Conclusion: The interim analysis showed that KIM is clinically useful in improving the prostate and rectum dose in the presence of intrafraction motion, allowing prostate patients to benefit from SBRT. The successful use of KIM in the SPARK prostate cancer trial provides a pathway for the wide adoption of real-time image guidance on modern linear accelerators, advancing the standard of care worldwide.

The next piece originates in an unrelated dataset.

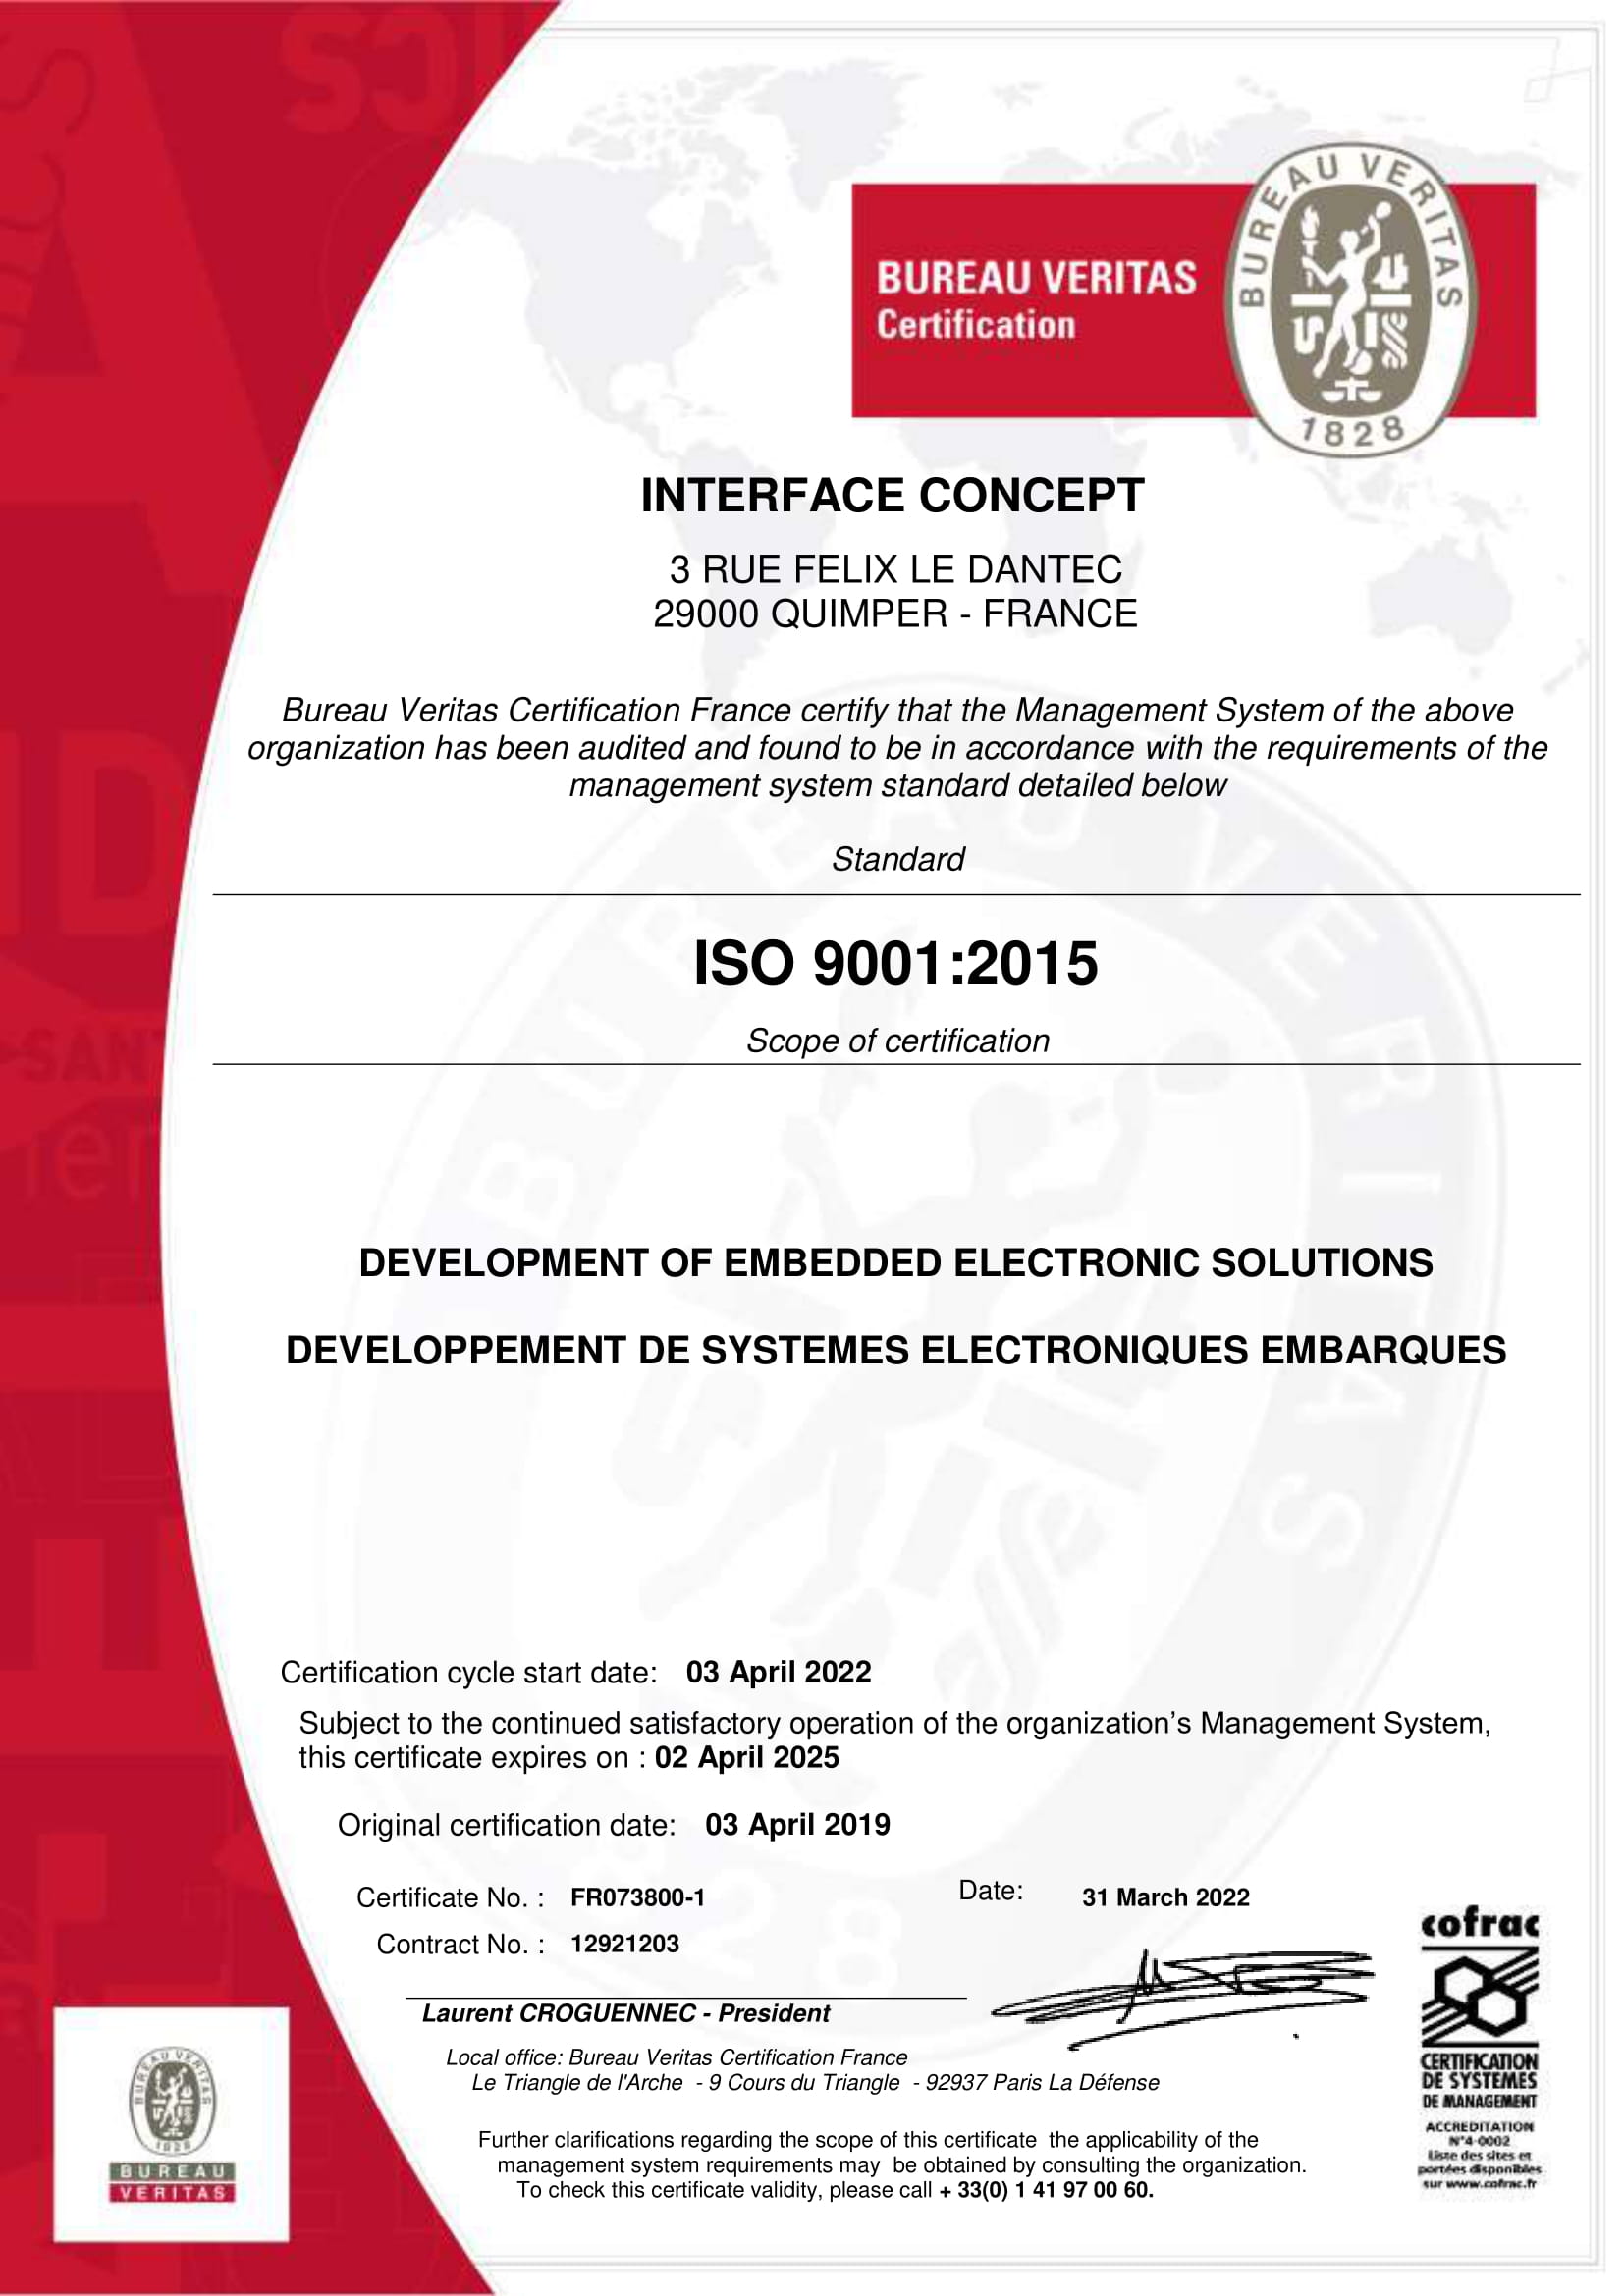 the certificate image

| Percentage of fractions with intervention || CTV D98 (%) || PTV D95 (%) || Bladder V70 (%) || Rectum V70 (%) |
| With KIM || Without KIM || With KIM || Without KIM || With KIM || Without KIM || With KIM || Without KIM |
| Exceeds 3% of plan value || 3 || 25 || 2 || 48 || 2 || 25 || 2 || 6 |
| Exceeds 5% of plan value || 0 || 12 || 0 || 35 || 0 || 14 || 0 || 2 |
Author Disclosure: E.A. Hewson: None. D. Nguyen: None. R. O'Brien: Founder, shareholder; Opus Medical. P.R. Poulsen: Research Grant; Varian Medical Systems. J. Booth: Research Grant; NHMRC, Varian Medical Systems, Cancer Australia. R. Bromley: None. J. Kipritidis: None. P. Greer: Employee; Calvary Mater Newcastle. Research Grant; Radiation Oncology Institute, Varian Medical Systems. Task Group Committee 264; American Association of Physicists in Medicine. Task Group Committee 307; Amereican Association of Physicists in Medicine. T. Eade: None. G. Hruby: None. P. Keall: Research Grant; Philips Medical, US NCI/NIH, Australian NHMRC, Australian Research Council, Varian, Cancer Australia, Australian Cancer Research Foundation, Prostate Cancer Foundation of Australia. Co-Investigator (PI Booth) for equipment and support for MLC tracking and KIM; Varian. In-kind Donation; Philips Medical. Stock; Respiratory Innovations, Nano X Pty Ltd, SeeTreat Pty Ltd. Partnership; Cancer Research Innovations. Royalty; Varian Medical Systems, Standard Imaging. Various; AAPM, ACPSEM, Journals.